- What is needed
Set down the entries once more, exactly as they are written.
===== The data =====
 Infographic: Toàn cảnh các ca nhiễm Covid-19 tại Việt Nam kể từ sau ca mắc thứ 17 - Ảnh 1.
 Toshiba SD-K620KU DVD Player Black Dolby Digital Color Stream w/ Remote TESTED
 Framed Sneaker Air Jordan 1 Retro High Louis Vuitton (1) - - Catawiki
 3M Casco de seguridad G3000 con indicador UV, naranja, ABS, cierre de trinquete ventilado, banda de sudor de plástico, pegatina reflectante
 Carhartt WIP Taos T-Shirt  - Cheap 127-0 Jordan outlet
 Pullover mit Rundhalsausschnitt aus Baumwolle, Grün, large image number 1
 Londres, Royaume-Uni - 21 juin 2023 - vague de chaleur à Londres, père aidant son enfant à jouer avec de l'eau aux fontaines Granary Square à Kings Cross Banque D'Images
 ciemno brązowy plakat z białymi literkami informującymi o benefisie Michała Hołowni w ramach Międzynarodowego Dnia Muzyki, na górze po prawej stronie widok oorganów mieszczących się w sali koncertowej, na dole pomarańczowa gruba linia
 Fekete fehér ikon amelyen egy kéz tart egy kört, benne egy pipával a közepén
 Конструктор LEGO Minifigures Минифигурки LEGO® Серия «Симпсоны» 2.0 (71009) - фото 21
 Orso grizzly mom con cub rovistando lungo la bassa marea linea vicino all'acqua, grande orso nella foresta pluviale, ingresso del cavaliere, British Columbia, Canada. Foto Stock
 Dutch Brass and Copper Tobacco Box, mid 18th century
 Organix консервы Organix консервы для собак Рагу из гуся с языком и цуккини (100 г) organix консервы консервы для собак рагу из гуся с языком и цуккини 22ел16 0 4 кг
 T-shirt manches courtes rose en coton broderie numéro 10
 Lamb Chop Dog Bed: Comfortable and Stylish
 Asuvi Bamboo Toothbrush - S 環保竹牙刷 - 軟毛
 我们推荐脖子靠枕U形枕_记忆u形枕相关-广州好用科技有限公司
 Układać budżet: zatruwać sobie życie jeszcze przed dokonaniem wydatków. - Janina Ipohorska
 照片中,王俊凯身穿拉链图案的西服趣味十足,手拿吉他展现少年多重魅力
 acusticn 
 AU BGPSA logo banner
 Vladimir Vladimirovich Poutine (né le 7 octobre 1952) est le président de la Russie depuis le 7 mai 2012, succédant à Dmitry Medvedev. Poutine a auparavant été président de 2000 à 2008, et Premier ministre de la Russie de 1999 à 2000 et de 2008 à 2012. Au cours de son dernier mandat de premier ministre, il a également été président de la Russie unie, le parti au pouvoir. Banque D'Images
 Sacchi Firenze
=====
- Task response
 Infographic: Toàn cảnh các ca nhiễm Covid-19 tại Việt Nam kể từ sau ca mắc thứ 17 - Ảnh 1.
 Toshiba SD-K620KU DVD Player Black Dolby Digital Color Stream w/ Remote TESTED
 Framed Sneaker Air Jordan 1 Retro High Louis Vuitton (1) - - Catawiki
 3M Casco de seguridad G3000 con indicador UV, naranja, ABS, cierre de trinquete ventilado, banda de sudor de plástico, pegatina reflectante
 Carhartt WIP Taos T-Shirt  - Cheap 127-0 Jordan outlet
 Pullover mit Rundhalsausschnitt aus Baumwolle, Grün, large image number 1
 Londres, Royaume-Uni - 21 juin 2023 - vague de chaleur à Londres, père aidant son enfant à jouer avec de l'eau aux fontaines Granary Square à Kings Cross Banque D'Images
 ciemno brązowy plakat z białymi literkami informującymi o benefisie Michała Hołowni w ramach Międzynarodowego Dnia Muzyki, na górze po prawej stronie widok oorganów mieszczących się w sali koncertowej, na dole pomarańczowa gruba linia
 Fekete fehér ikon amelyen egy kéz tart egy kört, benne egy pipával a közepén
 Конструктор LEGO Minifigures Минифигурки LEGO® Серия «Симпсоны» 2.0 (71009) - фото 21
 Orso grizzly mom con cub rovistando lungo la bassa marea linea vicino all'acqua, grande orso nella foresta pluviale, ingresso del cavaliere, British Columbia, Canada. Foto Stock
 Dutch Brass and Copper Tobacco Box, mid 18th century
 Organix консервы Organix консервы для собак Рагу из гуся с языком и цуккини (100 г) organix консервы консервы для собак рагу из гуся с языком и цуккини 22ел16 0 4 кг
 T-shirt manches courtes rose en coton broderie numéro 10
 Lamb Chop Dog Bed: Comfortable and Stylish
 Asuvi Bamboo Toothbrush - S 環保竹牙刷 - 軟毛
 我们推荐脖子靠枕U形枕_记忆u形枕相关-广州好用科技有限公司
 Układać budżet: zatruwać sobie życie jeszcze przed dokonaniem wydatków. - Janina Ipohorska
 照片中,王俊凯身穿拉链图案的西服趣味十足,手拿吉他展现少年多重魅力
 acusticn 
 AU BGPSA logo banner
 Vladimir Vladimirovich Poutine (né le 7 octobre 1952) est le président de la Russie depuis le 7 mai 2012, succédant à Dmitry Medvedev. Poutine a auparavant été président de 2000 à 2008, et Premier ministre de la Russie de 1999 à 2000 et de 2008 à 2012. Au cours de son dernier mandat de premier ministre, il a également été président de la Russie unie, le parti au pouvoir. Banque D'Images
 Sacchi Firenze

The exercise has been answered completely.